Mr Zuckerberg followed suit by announcing plans to spend up to $65 billion (£52 billion) on AI infrastructure in 2025, while Elon Musk’s xAI set out intentions to expand its Colossus supercomputer to use more than one million computer chips to train his own Grok AI language model.
The Chinese government has announced a comparatively modest $8.2 billion (£6.6 billion) investment fund for AI projects, according to the South China Morning Post.
Yet DeepSeek’s intent has been matched by Alibaba, which launched its QwQ model in November and is said to be hot on the heels of its US counterparts, while Chinese homegrown chips including those designed by Huawei are also improving rapidly.

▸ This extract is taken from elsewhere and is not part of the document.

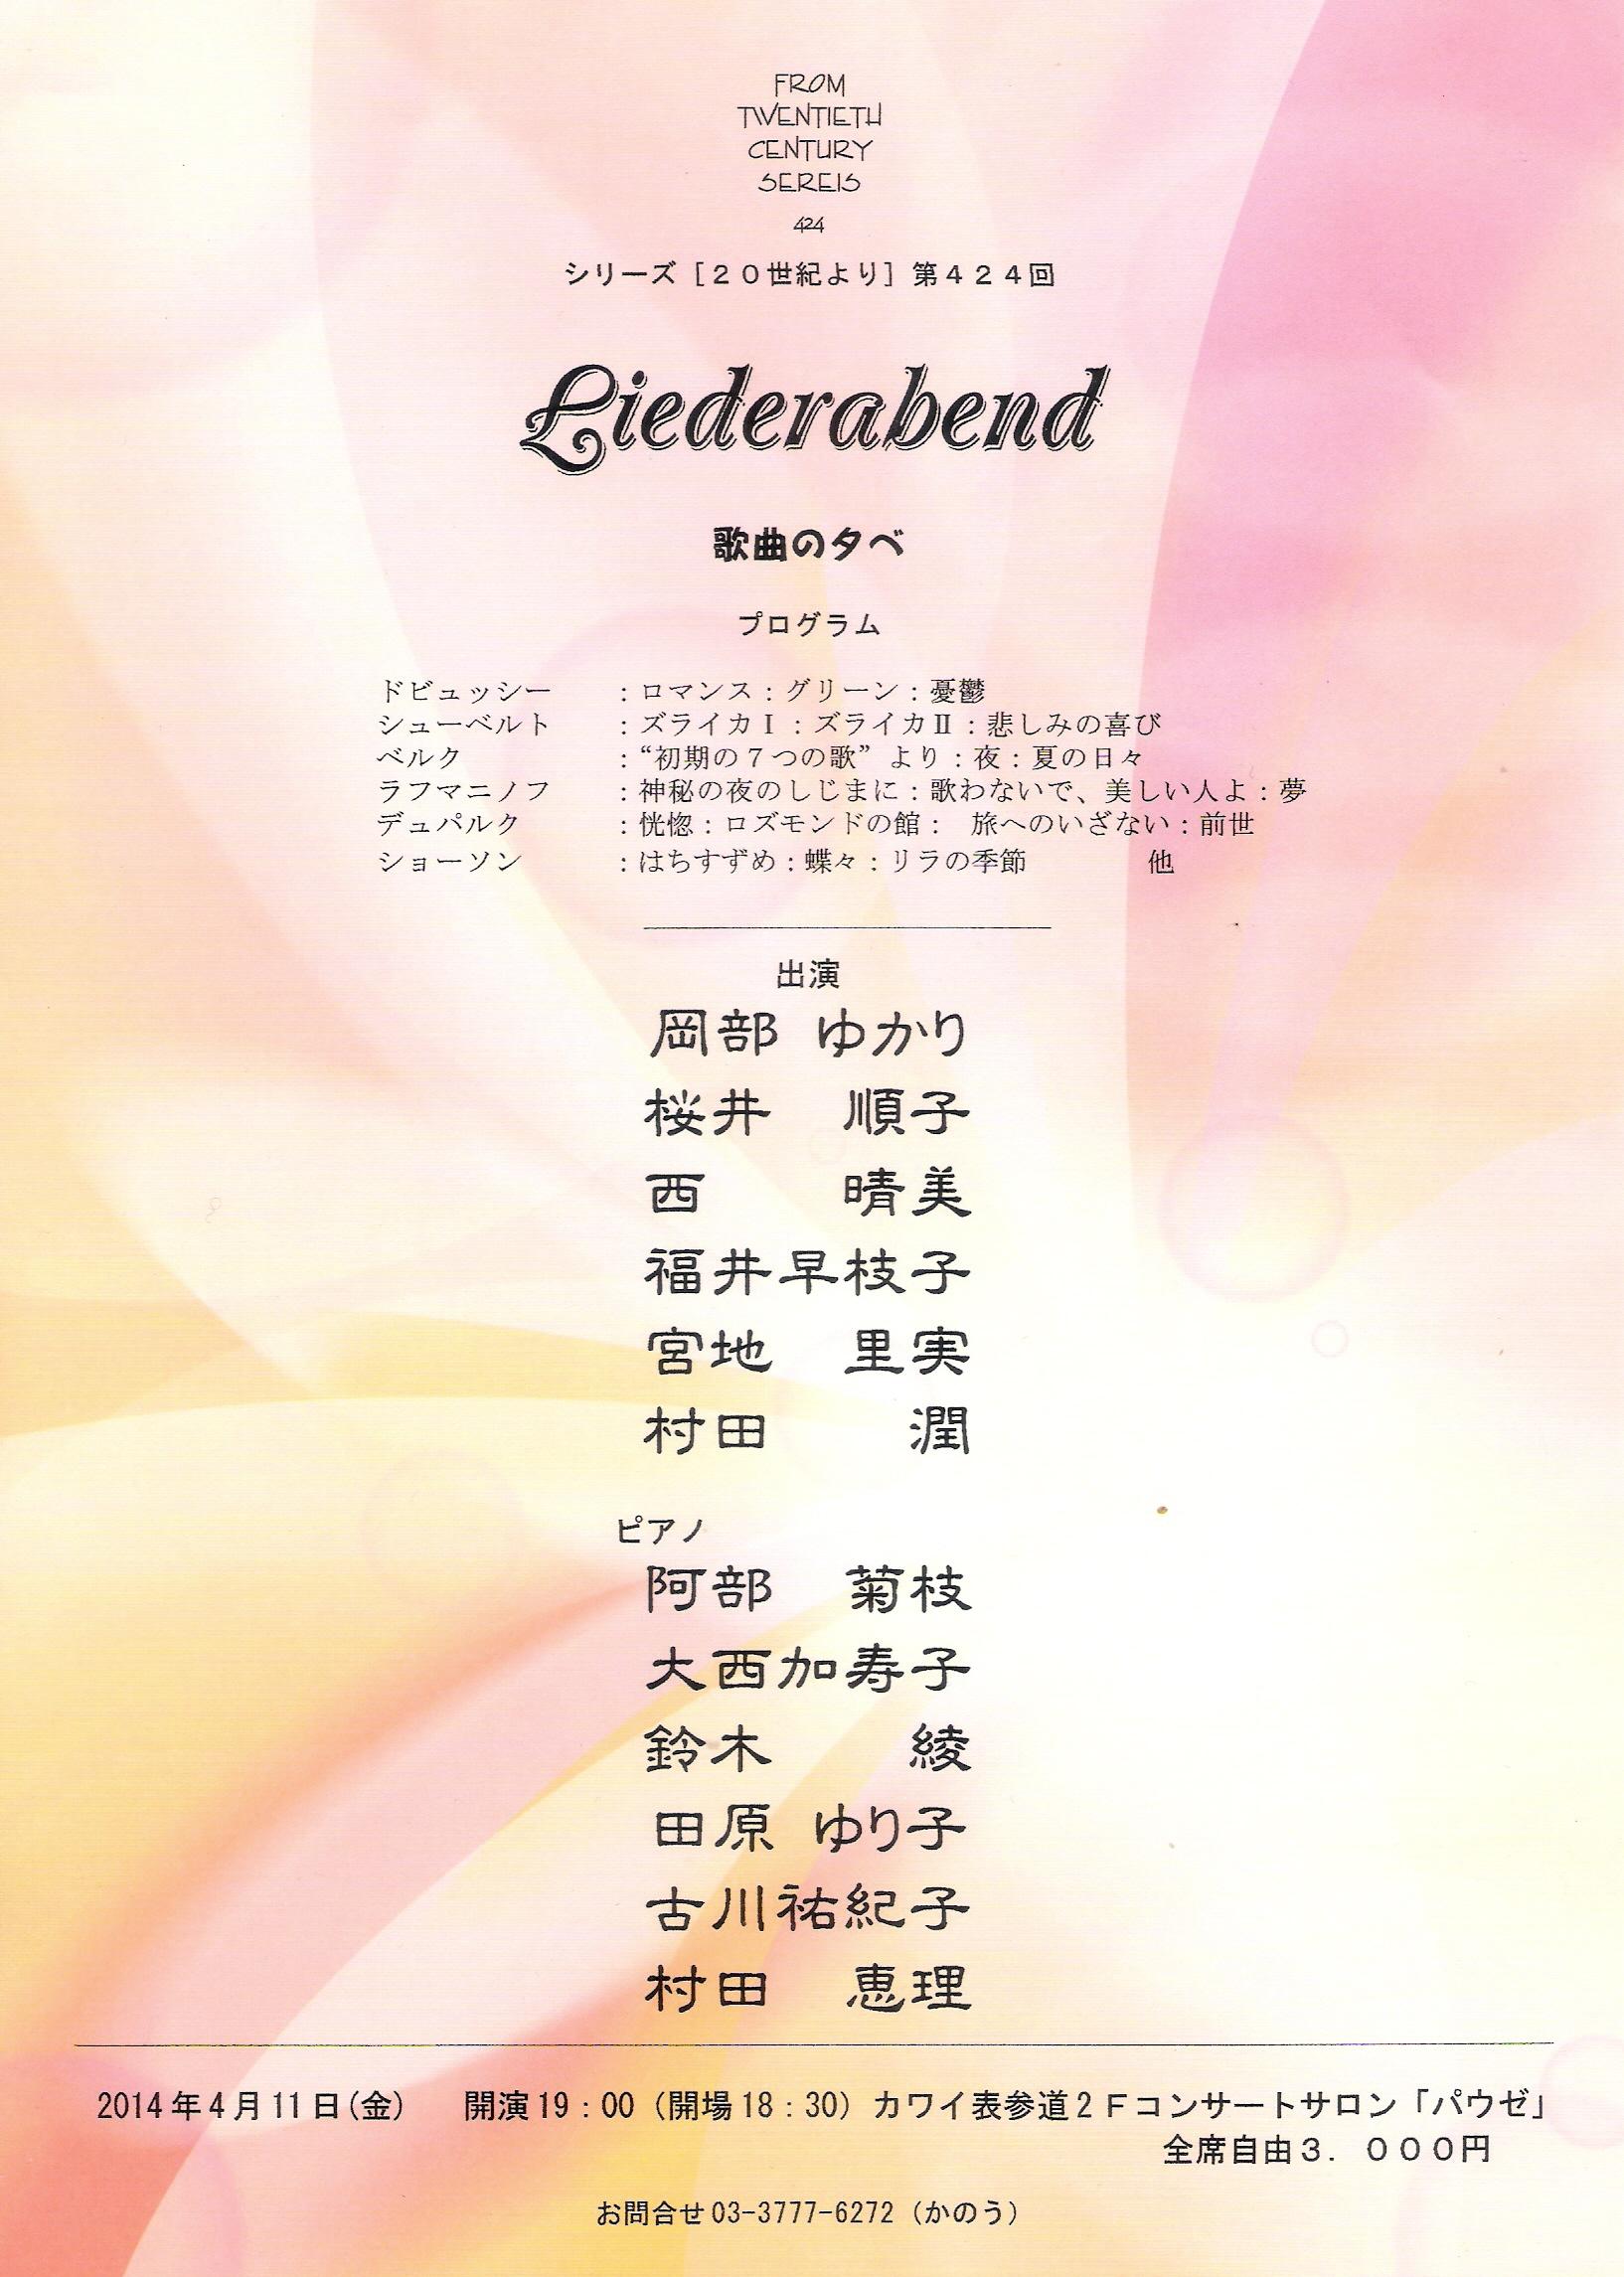 20140411 福井Liederabend

“The only strike against it is some half-baked PRC censorship,” Barrett Woodside, co-founder of AI hardware company Positron, told the Wall Street Journal, referring to the People’s Republic of China.
The model has drawn criticism online by appearing to refuse to answer sensitive questions about China or mention Xi Jinping.
Mr Woodside explained that such responses could actually be removed as other developers can freely modify the code.
Close links to Chinese government
Nevertheless, Mr Wenfeng enjoys a close relationship with the CCP, having been invited on Jan 20 by Li Qiang, China’s second-most powerful leader, to discuss how homegrown companies could close the gap with the US.
“We have to develop the top talent ourselves”, Mr Wenfeng said in an interview last year.
Mr Wenfeng made a fortune by harnessing AI to identify patterns which affect stock prices.
“When humans make investment decisions, it’s an art, and they just do it by the seat of their pants. When computer programs make such decisions, it’s a science, and it has the optimal solution,” the eccentric billionaire said in a 2019 speech.
In 2021, he started bulk-buying Nvidia graphics processing units on the side, while running his High-Flyer trading fund.
“When we first met him, he was this very nerdy guy with a terrible hairstyle talking about building a 10,000-chip cluster to train his own models. We didn’t take him seriously,” one of Mr Wenfeng’s business partners told The Financial Times.
His DeepSeek model was published not for commercial success but rather research propagation – as he reveals the secrets and explains the breakthroughs in an accompanying paper, instead of protecting them as intellectual property.
By doing so, DeepSeek has reinvigorated AI developers – sending excitement and anxiety to Silicon Valley in equal measure.
Jim Fan, a senior research scientist at Nvidia, hailed the breakthrough, saying a “non-US company is keeping the original mission of OpenAI alive – truly open, frontier research that empowers all”.